The MAS also administers two grant schemes that support businesses seeking to tap on green financing. The Sustainable Bond Grant Scheme (“SBGS”) helps to defray the costs of external pre-issuance and post-issuance reviews of eligible green, social, sustainability, and sustainability-linked bonds. The SBGS is available to bond issues of a minimum size of SGD200 million and is subject to a grant cap of SGD100,000. The Green and Sustainability-Linked Loans Grant Scheme supports businesses in obtaining green and sustainable financing. Loans must be a minimum size of SGD20 million and are subject to a grant cap of SGD100,000 per loan. The Scheme also encourages banks to develop green and sustainability-linked loan frameworks to make such financing more accessible to small and medium-sized businesses.

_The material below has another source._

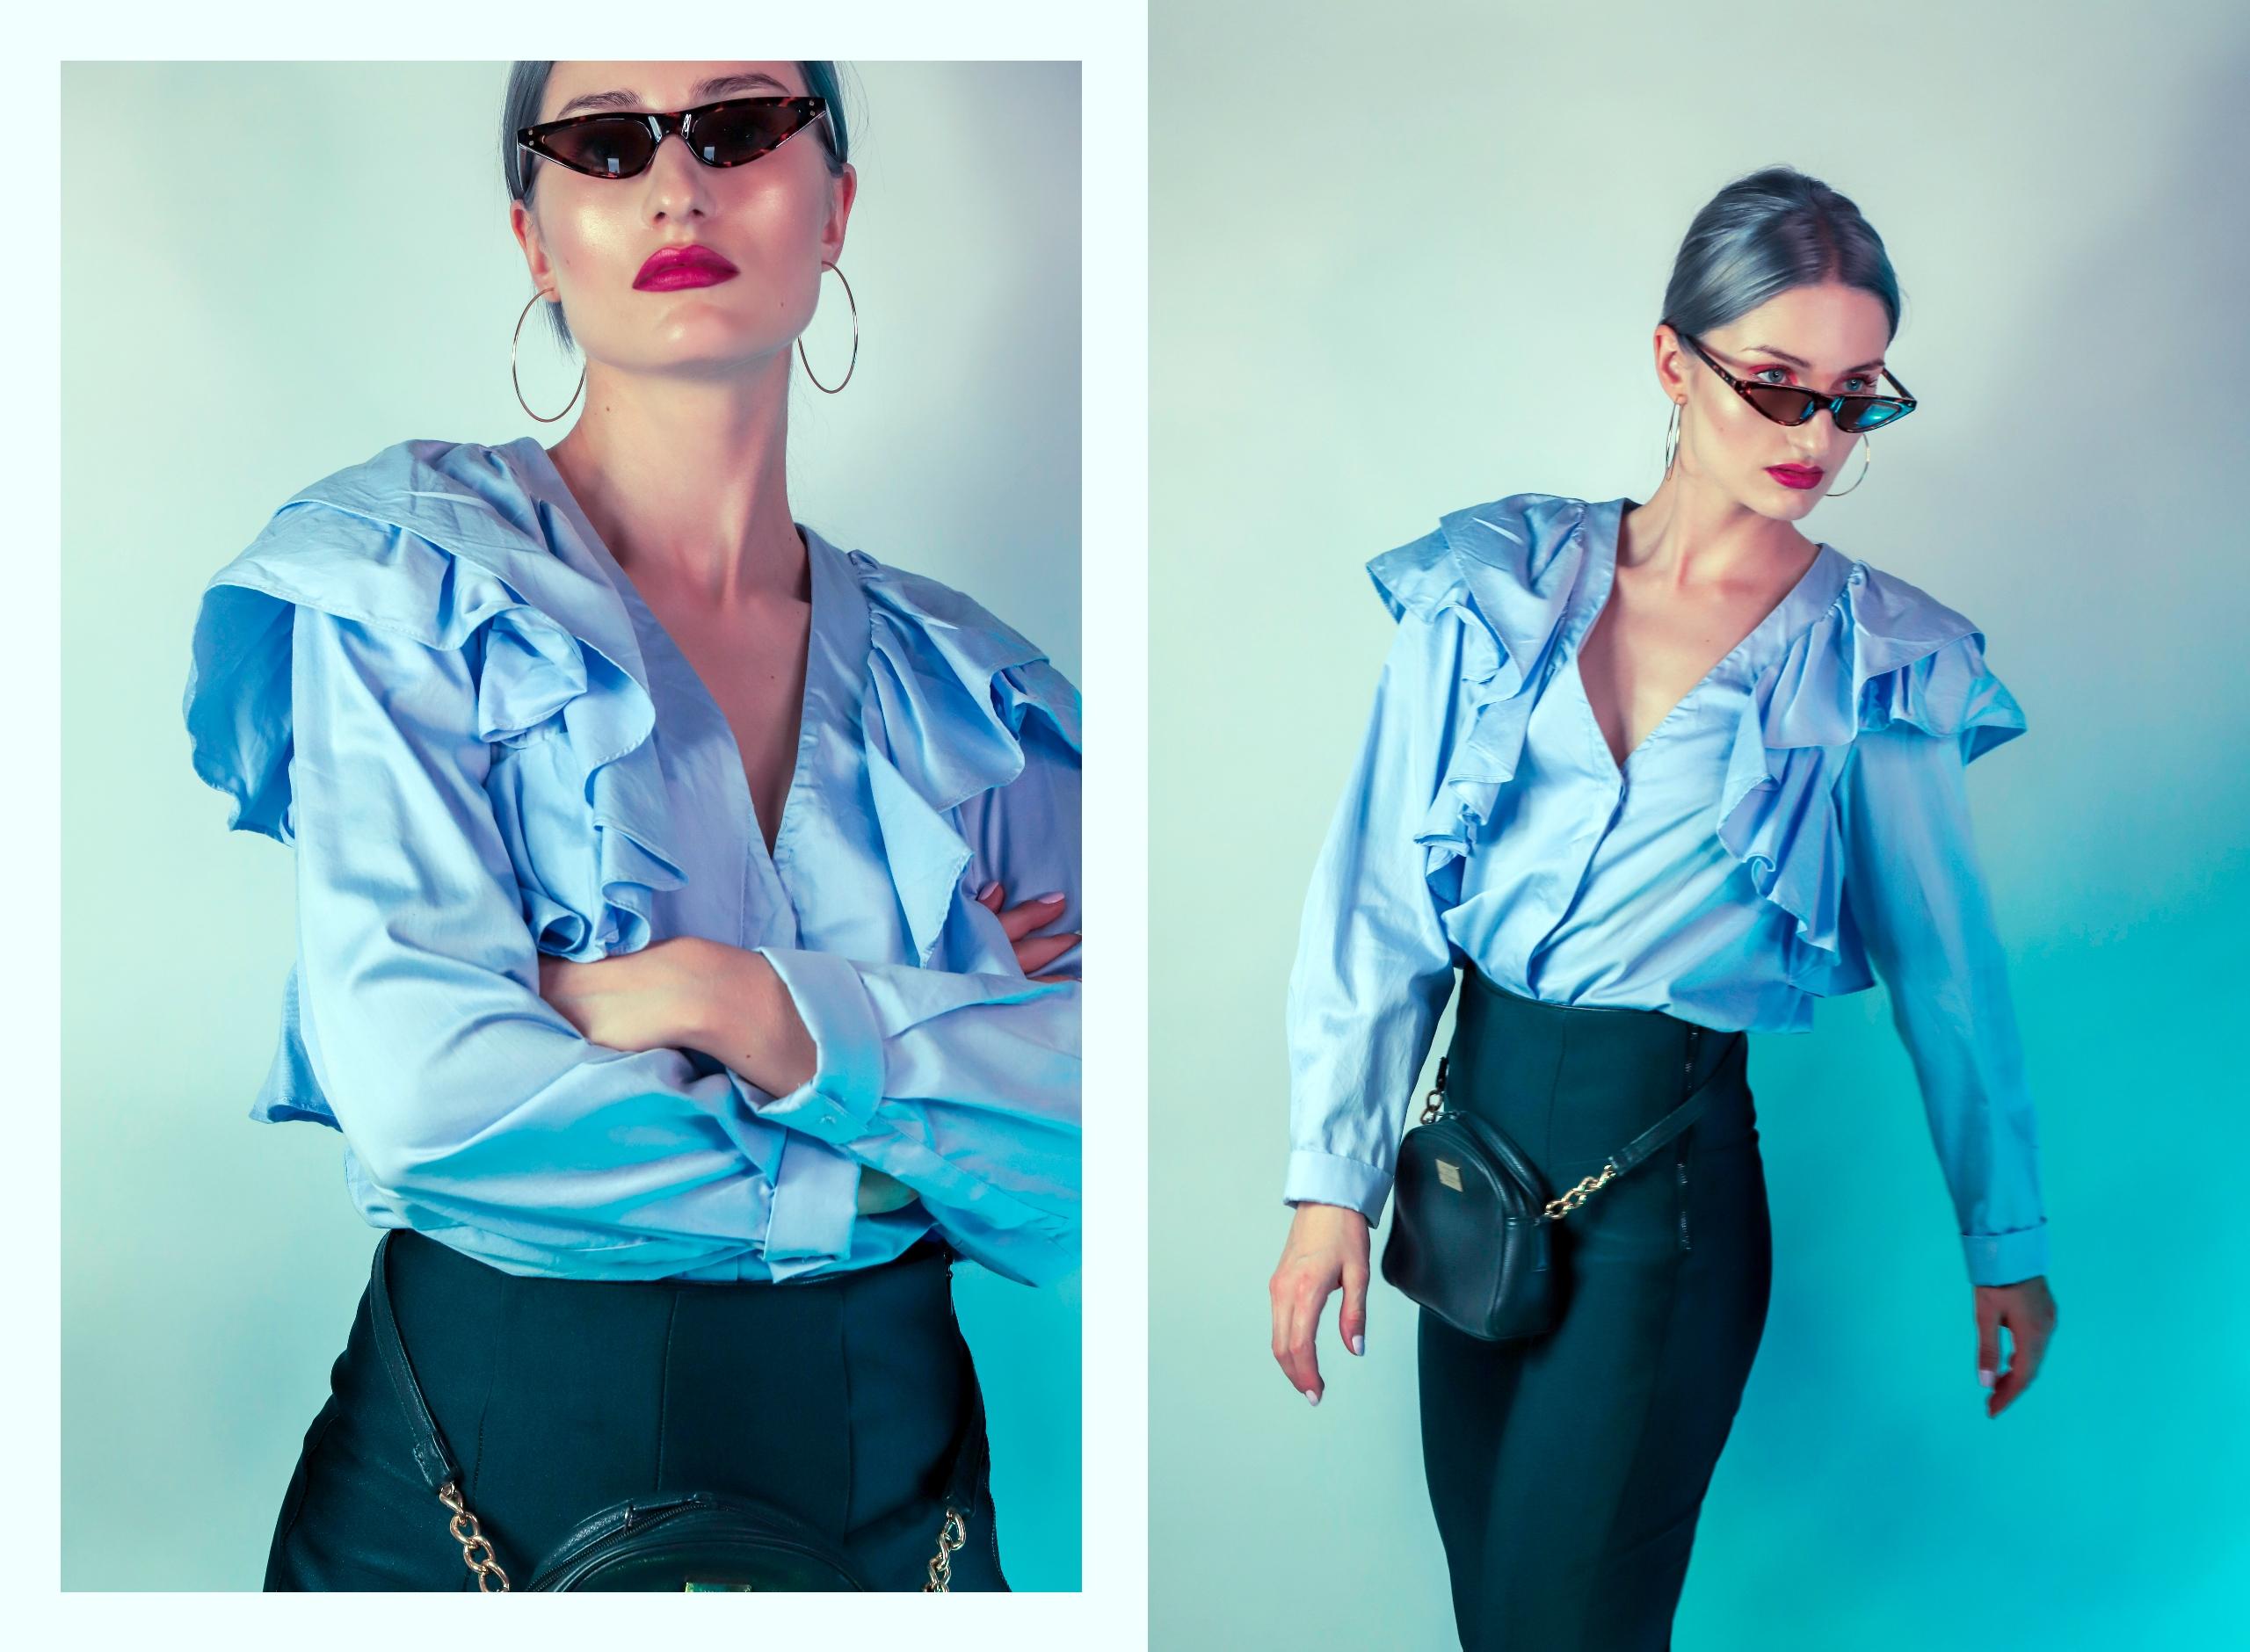 Obraz przedstawia dwa zdjęcia kobiety w błękitnej koszuli z falbaną. Kobieta ma na sobie okulary przeciwsłoneczne.

The MAS has indicated that it is supporting industry efforts to build the infrastructure for a liquid and transparent voluntary carbon credit market in Asia. In line with this, the Goods and Services Tax (Excluded Transactions) Order was recently amended to exclude the issuance or transfer of any carbon credit or any digital representation of a carbon credit from Goods and Services Tax. This paves the way for the development of such a carbon credit market and it is likely that new initiatives, including those involving digital tokenisation, will soon be introduced in this space.
Greenwashing
As regulators globally seek to reduce the risk of “greenwashing”, the MAS has recently issued a Disclosure and Reporting Guidelines for Retail ESG Funds as part of its measures to combat greenwashing in sustainable finance. Such disclosure requirements are intended to help retail investors better understand their investment in ESG funds. The new guidelines will take effect from January 2023.

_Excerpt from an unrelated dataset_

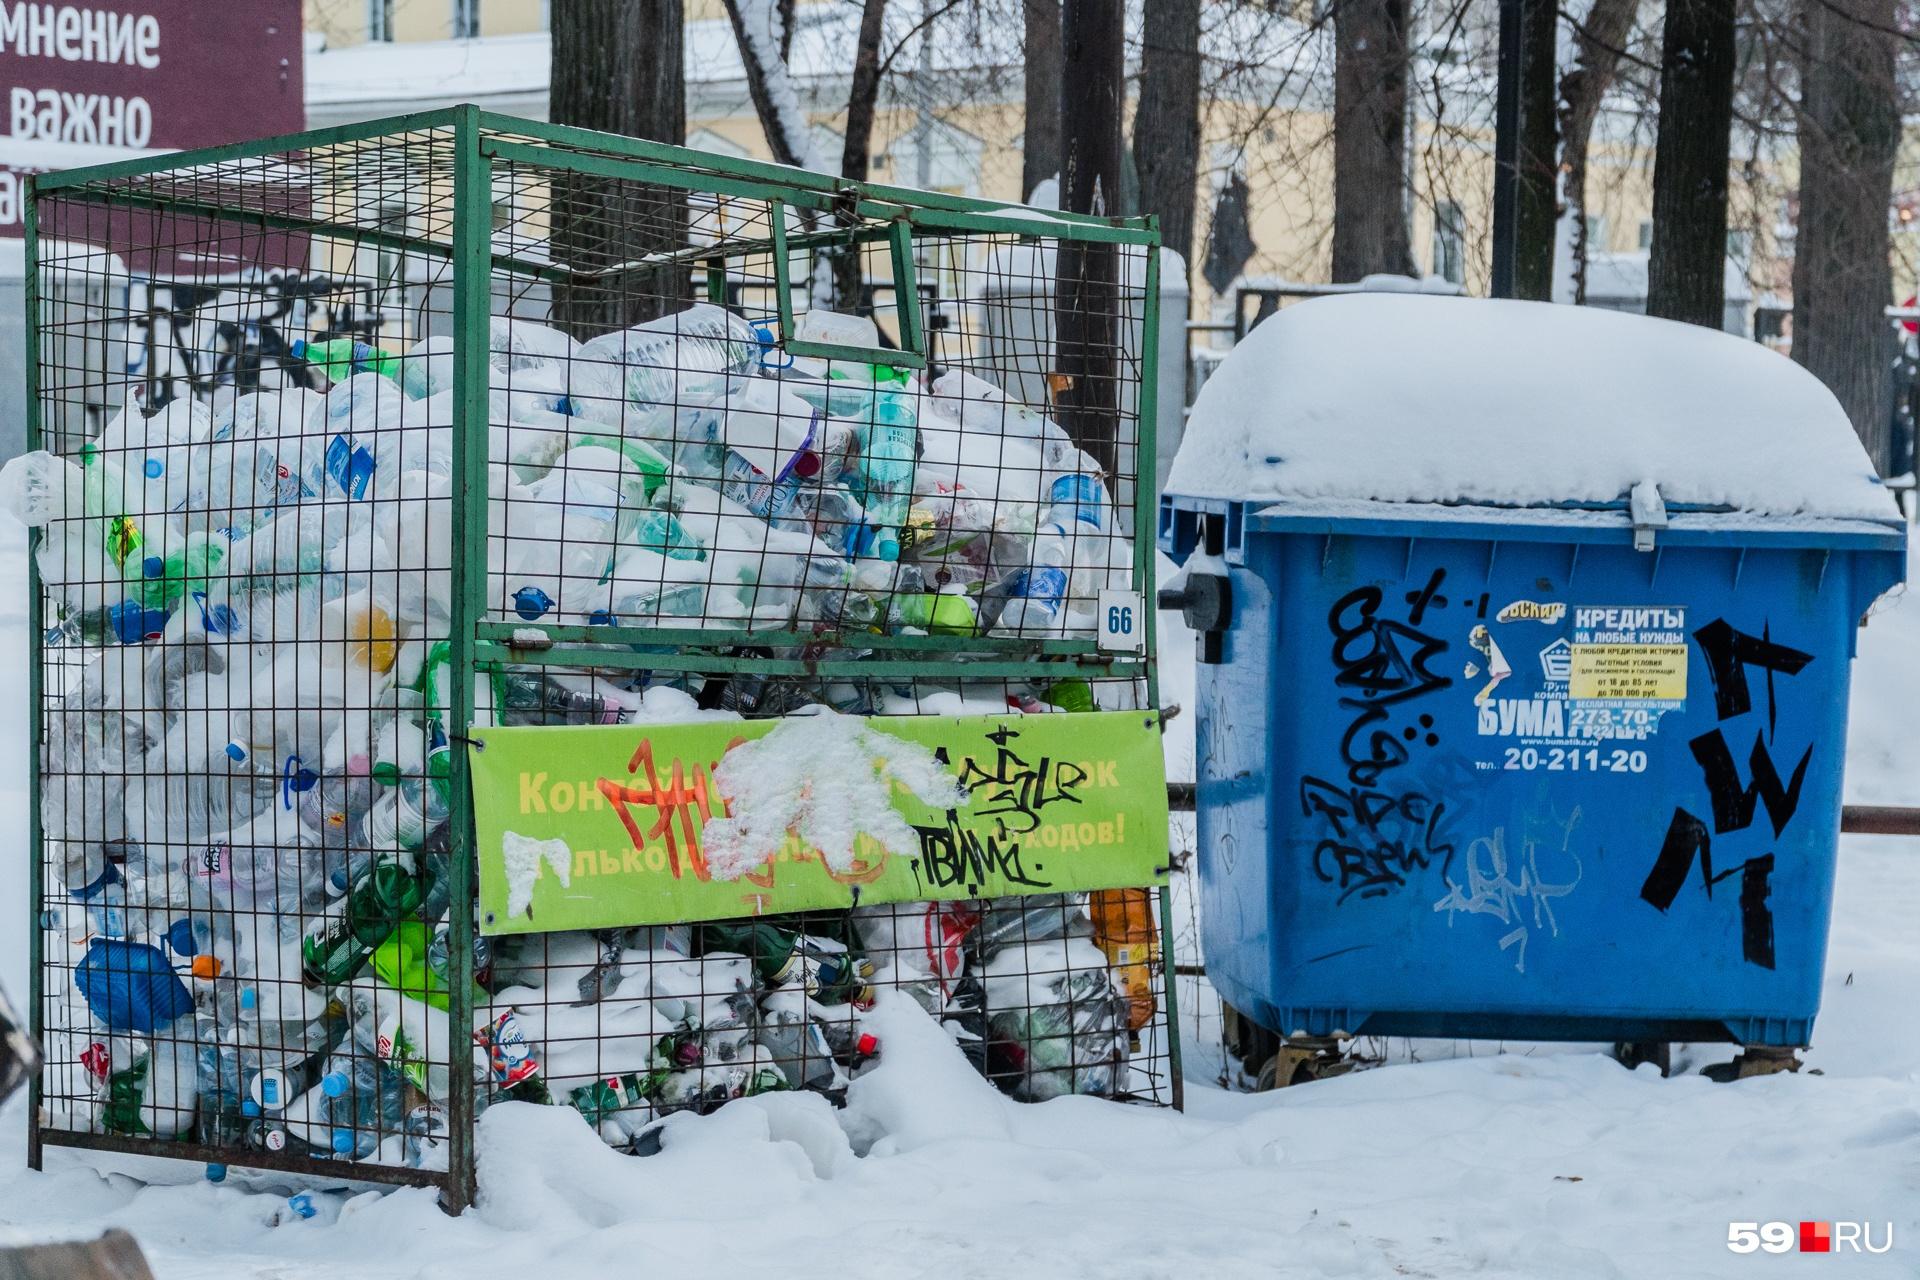 Раздельный сбор мусора пока производится так — отдельные «ловушки»для пластика

Greenwashing is the act of making false or misleading claims that products are environmentally sounder than they actually are. Under the new guidelines, funds that are sold to retail investors in Singapore under the label of meeting environmental, social and governance (ESG) standards will now have to back up their claims. ESG funds will be required to disclose its investment focus (eg, climate change) and relevant ESG criteria, its sustainable investment strategy, any reference benchmarking, and the risks associated with its investment focus and strategy. Disclosures will have to be made on an ongoing basis and investors will be given annual updates on how well the fund has achieved its ESG focus. To support the reporting of ESG data in a structured and efficient manner and provide investors access to such data in a consistent and comparable format, the MAS and the Singapore Exchange (“SGX”) also jointly launched ESGenome under Project Greenprint, a digital disclosure portal to facilitate sustainability reporting for SGX-listed companies.